Donderdag ging hij weer naar school. Hij was nog steeds niet super fit, maar echt te goed om nog langer thuis te blijven. Bovendien kwam donderdag de volgende tijdslurper.
Op donderdag werd onze nieuwe overkapping bezorgd.
Achter het huis hebben we een veranda. De overkapping hiervan had Freek vijf jaar geleden zelf gemaakt van hout en goedkope platen. Een soort uitprobeersel. Na vijf jaar trouwe dienst en na een dikke laag sneeuw afgelopen winter waren de platen aan vervanging toe. We besloten om alles te vervangen en een compleet pakket te bestellen. Het wordt dus helemaal netjes bij ons achter, maar voor het zover is . . . .

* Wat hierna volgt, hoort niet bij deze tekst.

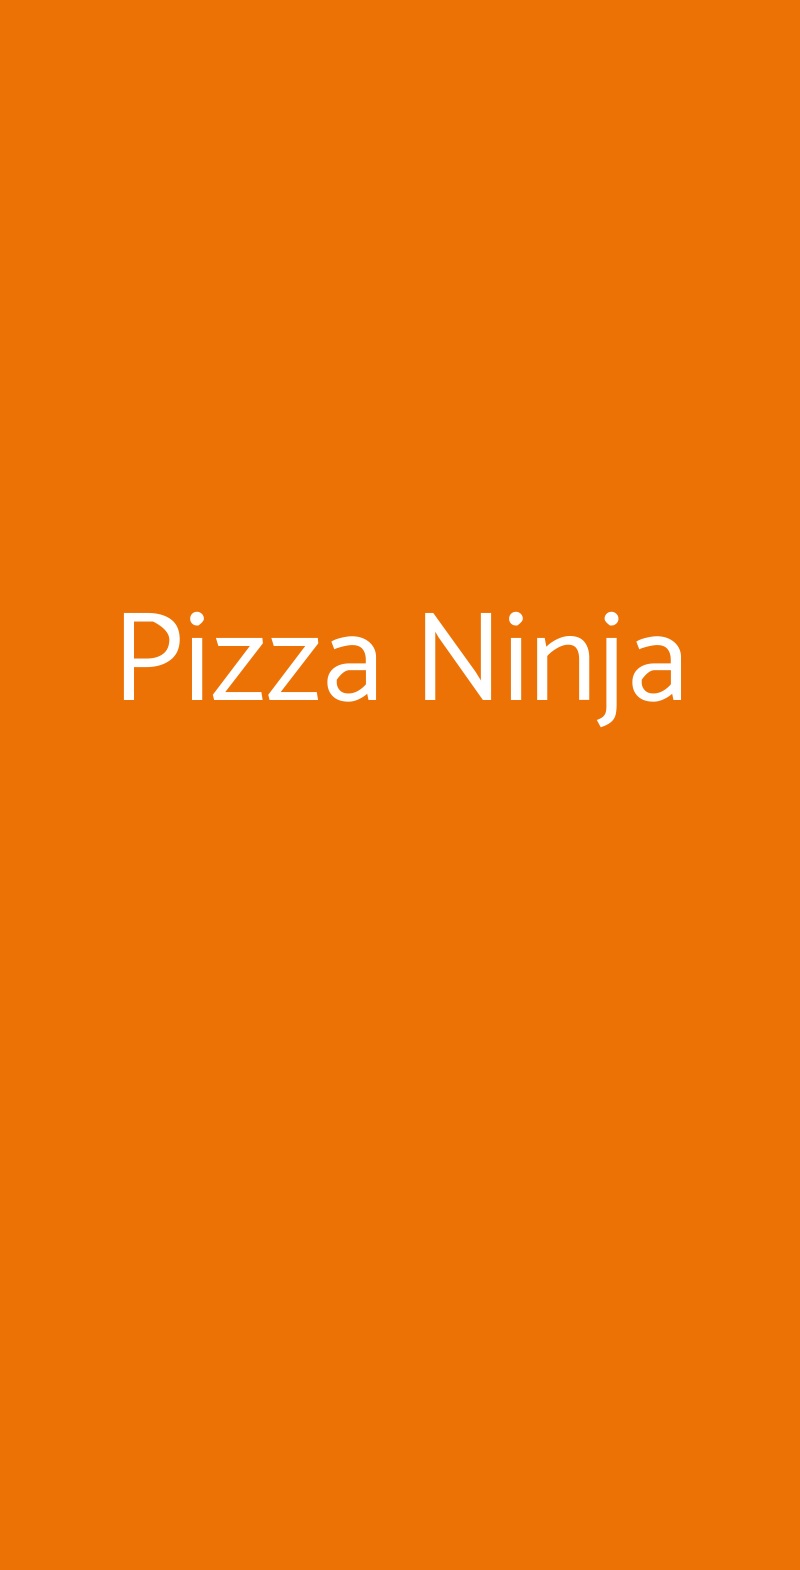 Pizza Ninja Roma menù 1 pagina

Zoals te verwachten kwam de vrachtwagen met onze overkapping later dan gepland. Bovendien kon de vrachtwagen niet tot ons huis komen, waardoor Freek een grote afstand met palen van vijf meter en platen van drie meter moest lopen. Samen met de heftige wind van die dag en het feit dat zijn rug ook niet best is, was dit een flinke tegenvaller.
Zo waren er meer dingen die op het eerste gezicht tegenvielen. En ook tijdens het bouwen bleek alles net even anders te werken dan gedacht.
Door de situatie te nemen zoals hij is en de tijd te nemen om alles goed te bekijken, te plannen en te doen – met af en toe een vloek als het wel heel erg tegenzat – is het Freek gelukt om de overkapping te plaatsen. Mijn aandeel bestond uit meedenken, af en toe een meetlint of paal vasthouden, een kopje koffie verzorgen en vooral aanwezig zijn.
Afgelopen zaterdag waren we twaalf jaar getrouwd en inmiddels weten we wat we aan elkaar hebben. We hebben deze verbouwing dus ook weer overleefd.
Kortom: een bewogen week, waarin ik niet ben toegekomen aan alle dingen die ik zou willen doen.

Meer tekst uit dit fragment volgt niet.